Üretim yönetiminin pazarlama, finans, muhasebe, personel, yönetim bilgi
sistemi ve mühendislik gibi diğer işlevleriyle çok yakın ilişkileri ve
etkileşimleri vardır. Ancak, üretim yönetimi, diğer işlevlerden farklı
olarak, işletmenin aktif varlıklarının yaklaşık %80’inden ve insan
kaynağının % 60-80’inden sorumludur. Üretim sisteminin temel öğesini,
dönüşüm süreci oluşturur.

Dönüşüm sürecinde girdiler, şekil değişikliği, taşıma, depolama,
denetleme gibi birçok faaliyet sonunda ilk durumlarından daha fazla bir
değere (katma değer) dönüşür.

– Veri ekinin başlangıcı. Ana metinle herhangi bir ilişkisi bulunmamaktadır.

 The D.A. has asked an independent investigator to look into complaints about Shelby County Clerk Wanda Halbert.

Hizmetlerin üretim süreci, malların
üretim sürecinden önemli ölçüde farklılıklar gösterir. Hizmetler,
mallara oranla daha soyuttur, tüketicilerin yüksek oranda katılımını
gerektirir, üretilirken tüketilir, depolanamaz, emek, yoğun nitelik ve
kendine özgü kalite özellikleri taşır. Türkiye’de mal üretiminde ve
malların kalitesinde tüketici sızlanmaları oldukça azalmıştır. Buna
karşılık, hizmet üretiminden, hemen her alanda yakınmalar vardır.
Türkiye, dünya standartlarında hizmet üretemediği için halkın tepkisi
ve mutsuzluğu artmaktadır. Tek üretim, parti üretimi, akıcı üretim,
sipariş üretimi, sürekli üretim, kitle üretimi, grup teknolojisi ve
sıfır stoklu üretim, başlıca üretim sistemleridir.

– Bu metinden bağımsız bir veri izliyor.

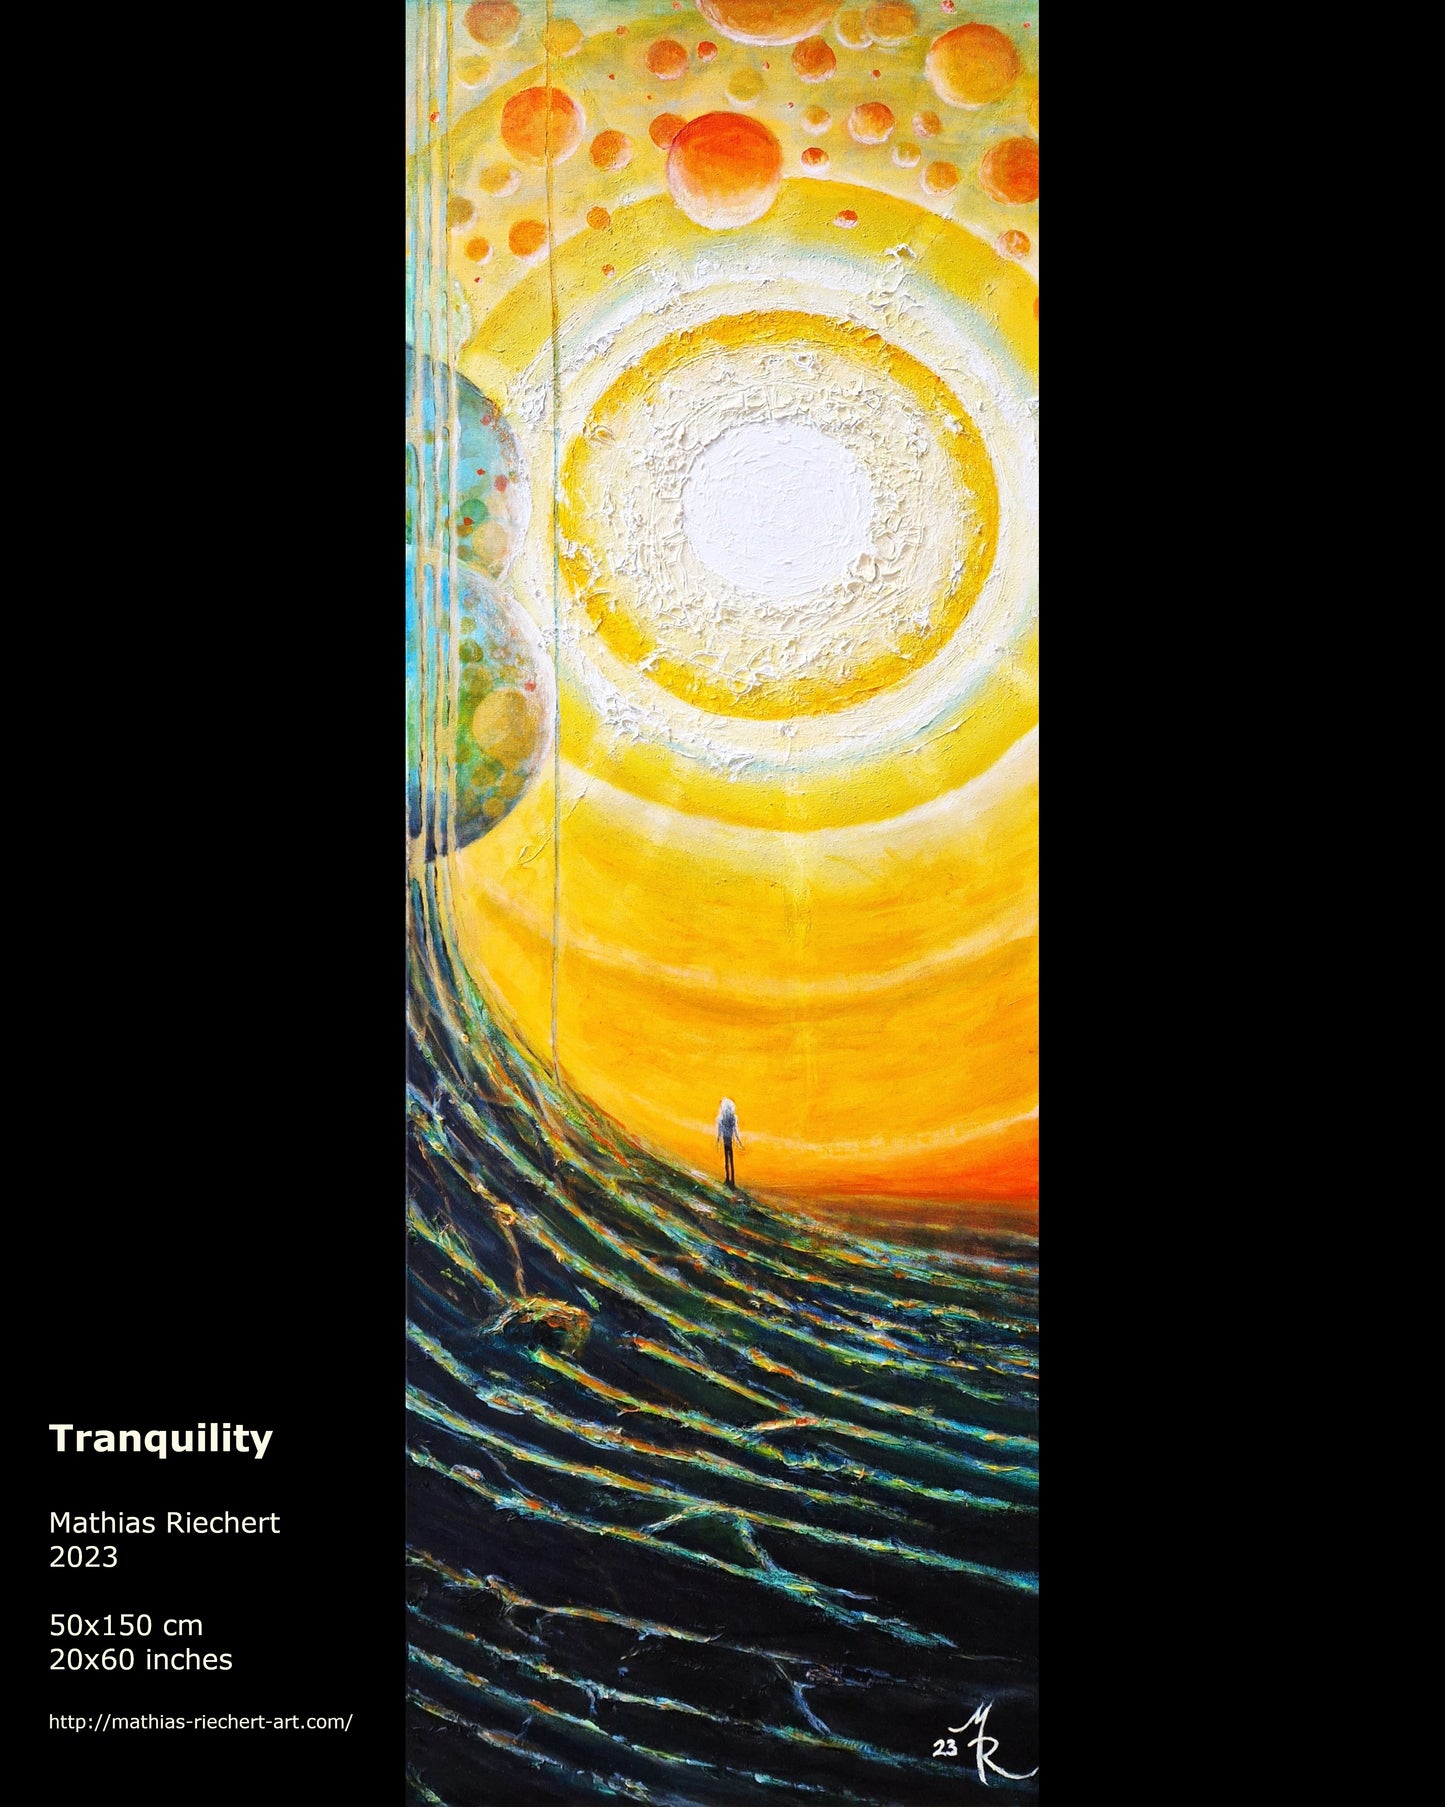 Original acrylic painting "Tranquility", 50x150 cm, 20x60 inches

JIT sisteminde, işletmeye malzeme satanlarla işletmenin proje
takımlarının birlikte hareket etmeleri sağlanmalıdır. Satıcılar da
sisteme dahil edilerek, girdi kalite kontrolünde ve JIT programlarının
hazırlanmasında ortak hareket edebilmelidirler. JIT sistemi,
planlamadan daha çok kontrole ağırlık verir. Planlama zaman israfına
yol açar. Oysa, iyi bir kontrolle değişikliklere kolayca uyum
sağlanmıştır. Basit gözle kontrol sistemleri, karmaşık bilgisayar
destekli kontrol sistemlerine tercih edilir.

İşletme Bilgi Sistemi

Küresel işletmecilikte bilgisayar, bilgi işlem, bilgi ve iletişim, bir rekabet koşulu durumuna gelmiştir. Bilgi gereksinimini

hızlı bir şekilde karşılayamayan işletmeler, önemli ölçüde rekabet
zayıflığına düşmektedir. İşletmenin iç ve dış çevresiyle olan her tülü
etkileşimleri, çeşitli bilgi sistemleriyle denetim altına alınır.
İşletim bilgi sistemleri, işletmenin çevresi, işletmenin girdileri,
işletmenin süreçleri ve işletmenin çıktılarıyla, işletmenin yönetim
birimleri arasında, her türlü iletişimi sağlar. Veri, bilgiye ulaşmak
için yapılan gözlemlerdir. İşletme kararları alınırken, veriler değil,
verilerin süreçlenmesi sonunda ortaya çıkan bilgiler kullanılır.
Dolayısıyla, veriler bilgilerin hammaddesi olarak görülebilir.
Verilerin derlenmesi ve bilgiye dönüştürülmesi, işletmelere, planlama,
uygulama ve denetim yapma olanağı sağlar. İşletmeler, stratejik
amaçlarla, işlem amacıyla ve denetim amacıyla bilgiye gereksinim
duyarlar. Verilerin bilgi haline gelmesini sağlayan işlemler dizisine,
bilgi işleme denir. Bir süreç olarak bilgi işleme, kaydetme, sınama,
sınıflandırma, düzenleme, özetleme, matematiksel veya mantıksal
hesaplama, saklama, erişme, çoğaltma ve iletme aşamalarından oluşur.
Küresel işletmecilikte, bilgisayar destekli bilgi sistemleri
yürürlüktedir. Bilgisayar destekli bilgi sistemi, bilgisayar
olanaklarıyla işletmenin bilgi gereksinmesini karşılayan bütünleşik bir
yapıdır. Donanım, yazılım, uzman bilgisayar

personeli ve veri tabanı, elektronik bilgi sisteminin başlıca öğelerdir.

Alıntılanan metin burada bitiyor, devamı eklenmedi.